* PROBLEM TO WORK ON: In the listing that follows, give every line again exactly and omit the pictures.

* DATA SECTION:

....

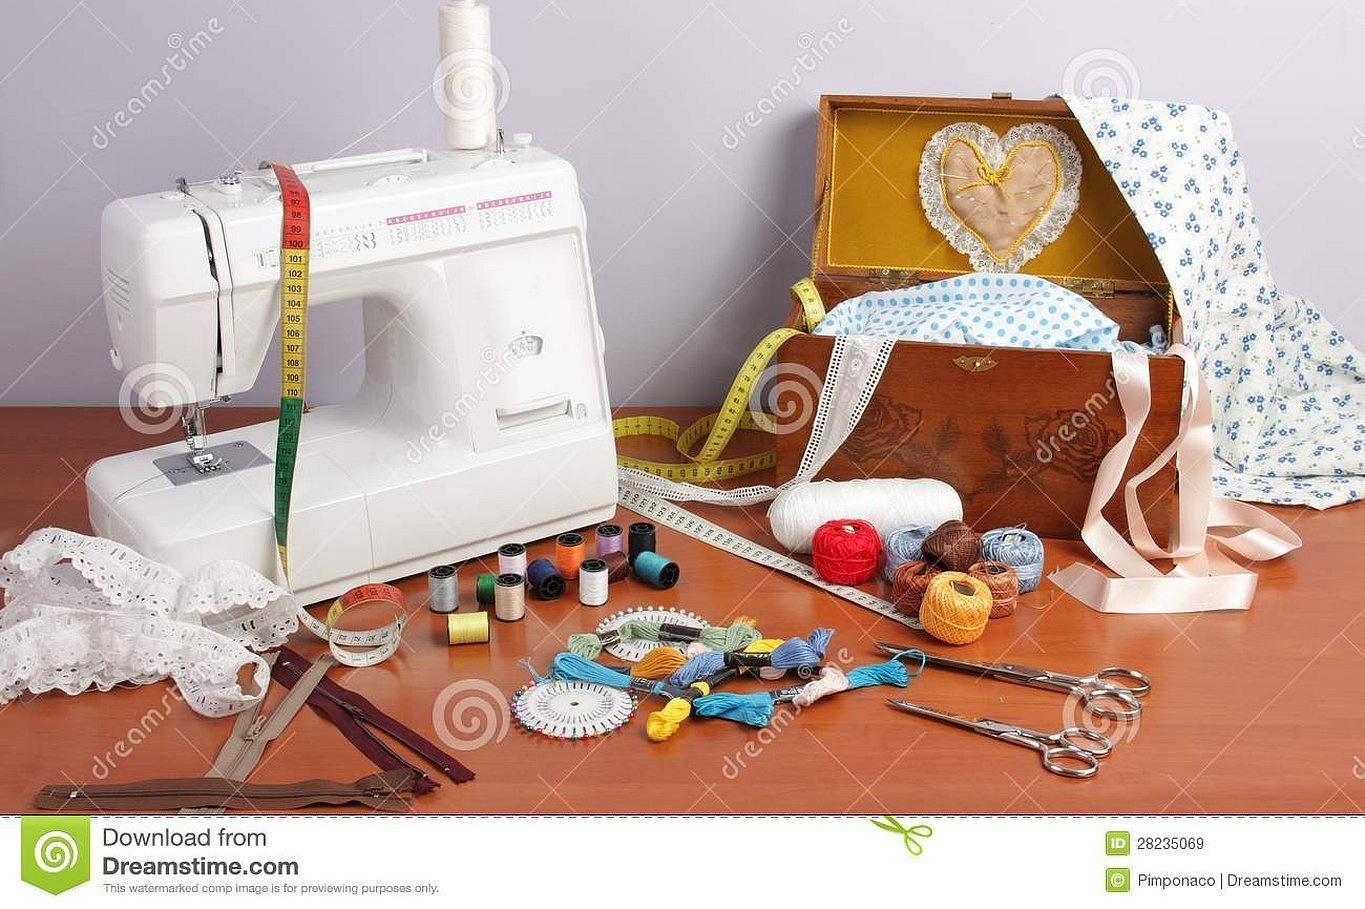 Обслуживание швейной машинки. Инструменты для шитья. Приспособления для шитья и рукоделия. Инструменты швеи. Хобби шитье.
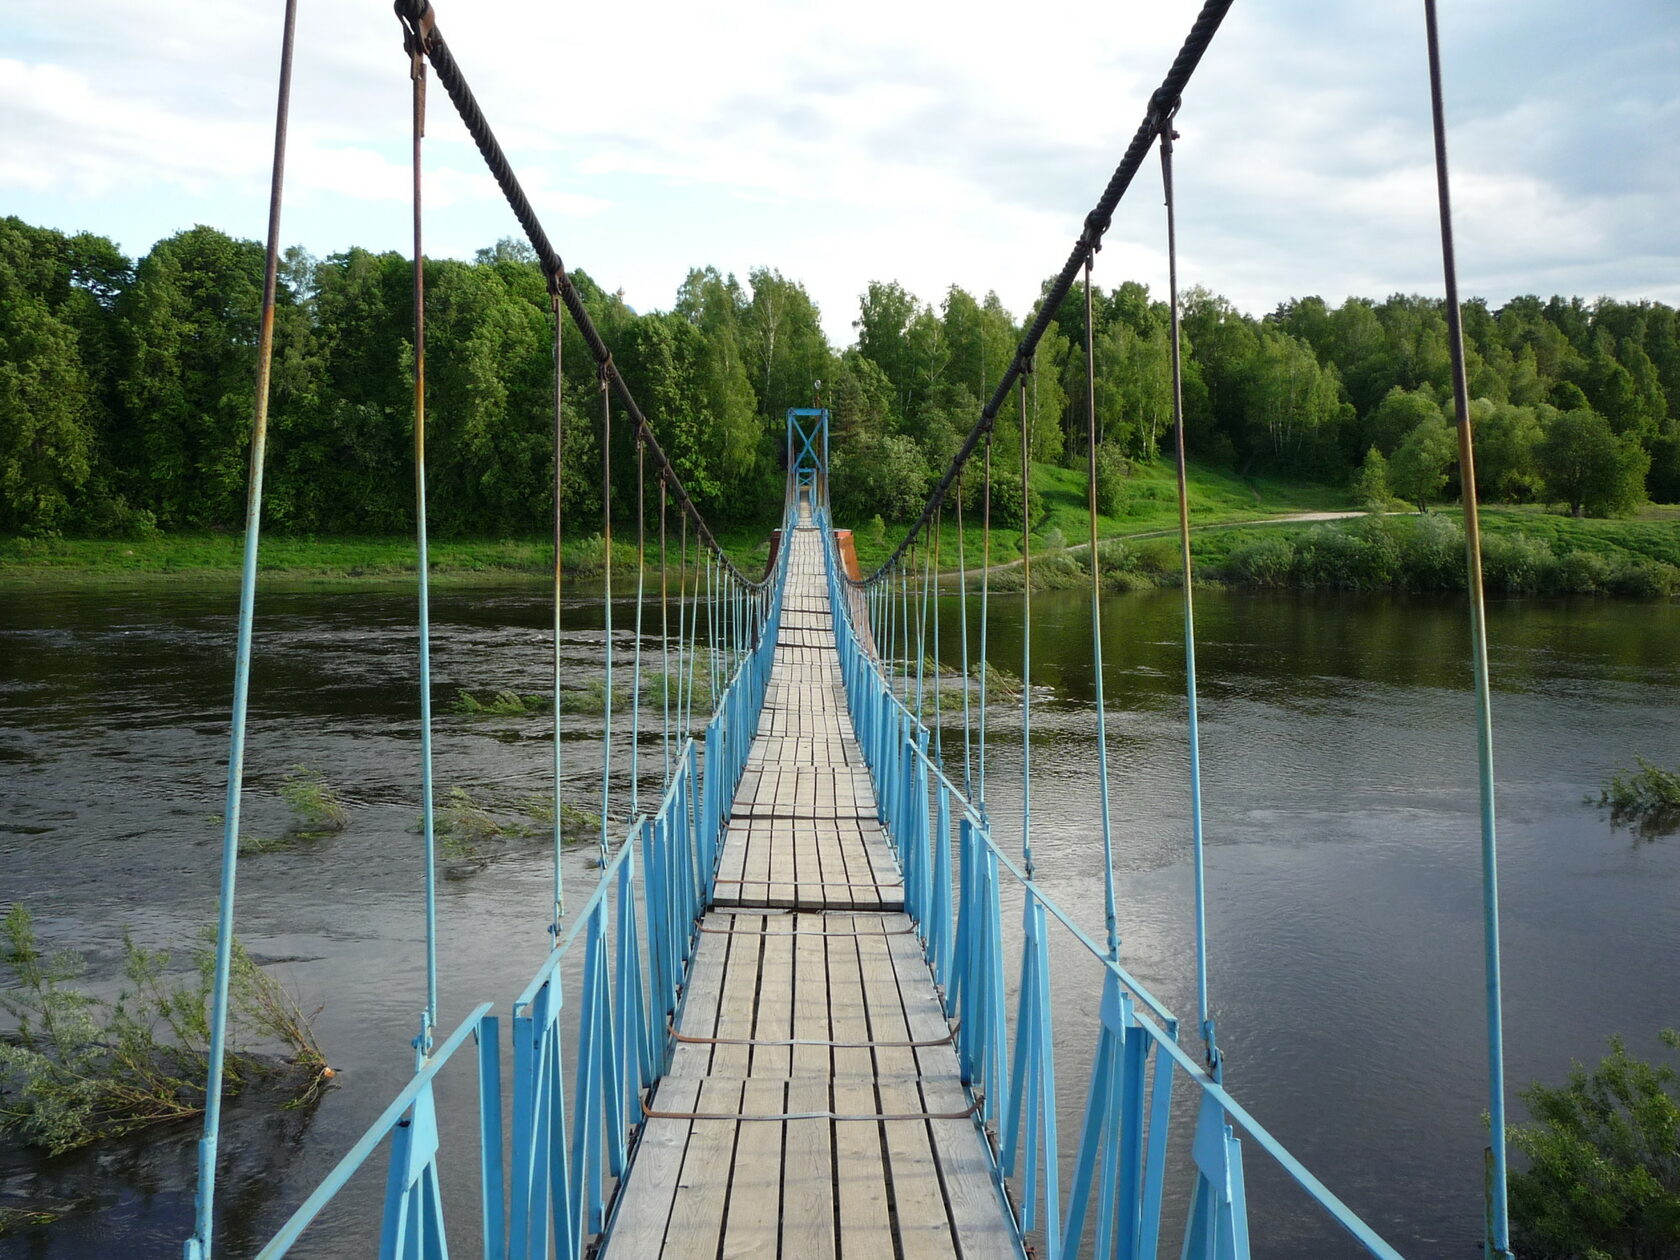 мост через реку угра
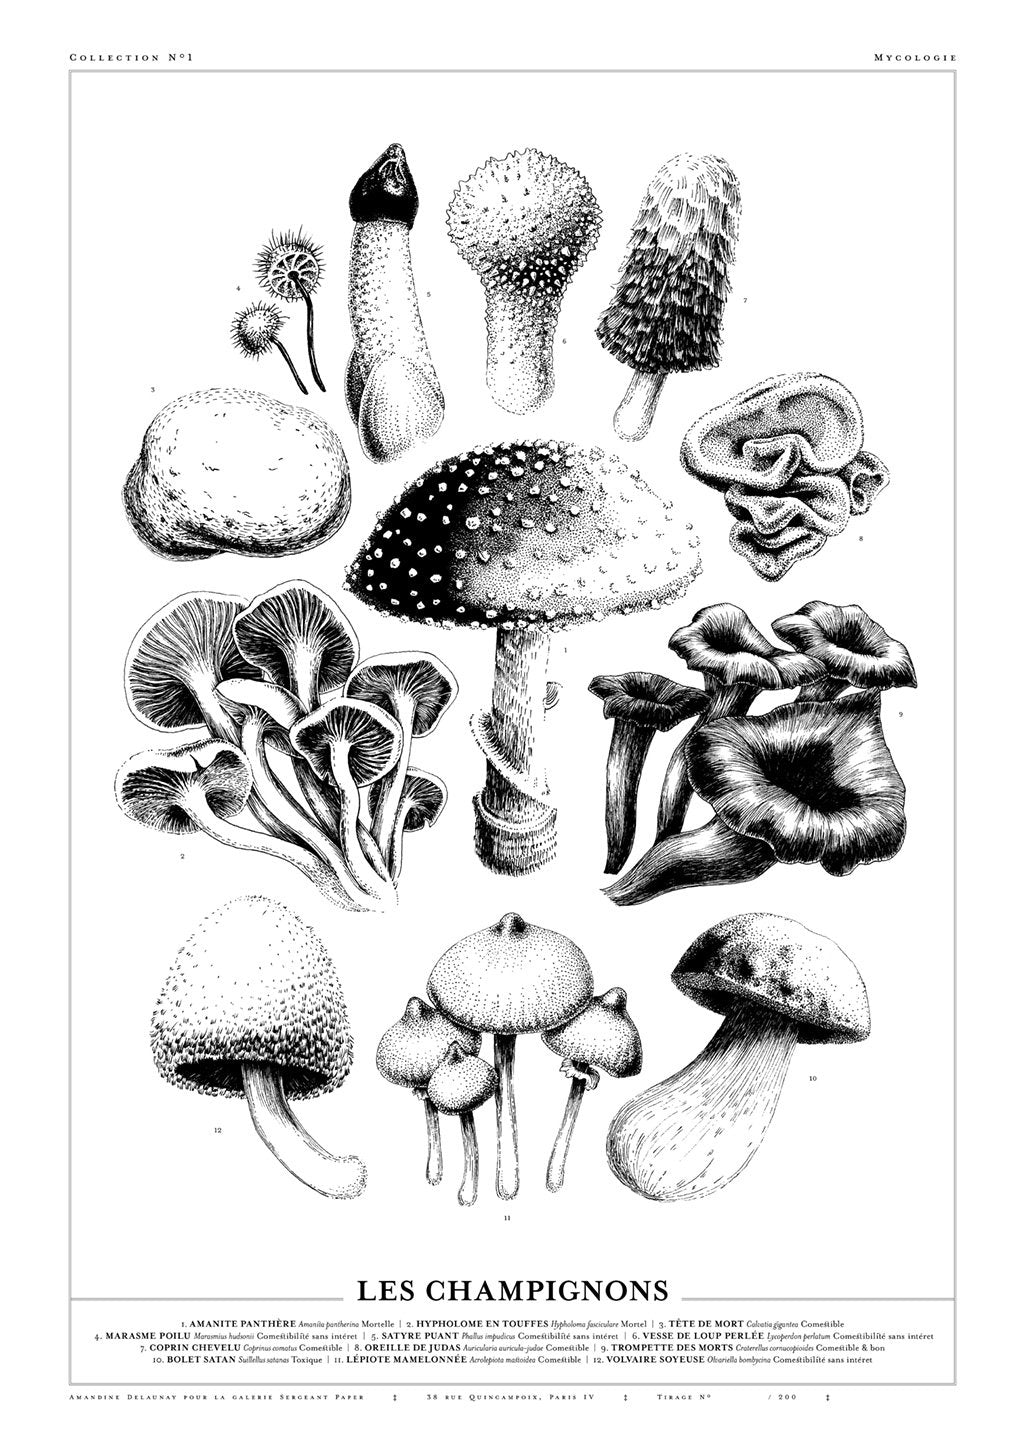 The mushrooms

....

* WRITTEN ANSWER:
 Обслуживание швейной машинки. Инструменты для шитья. Приспособления для шитья и рукоделия. Инструменты швеи. Хобби шитье.
 мост через реку угра
 The mushrooms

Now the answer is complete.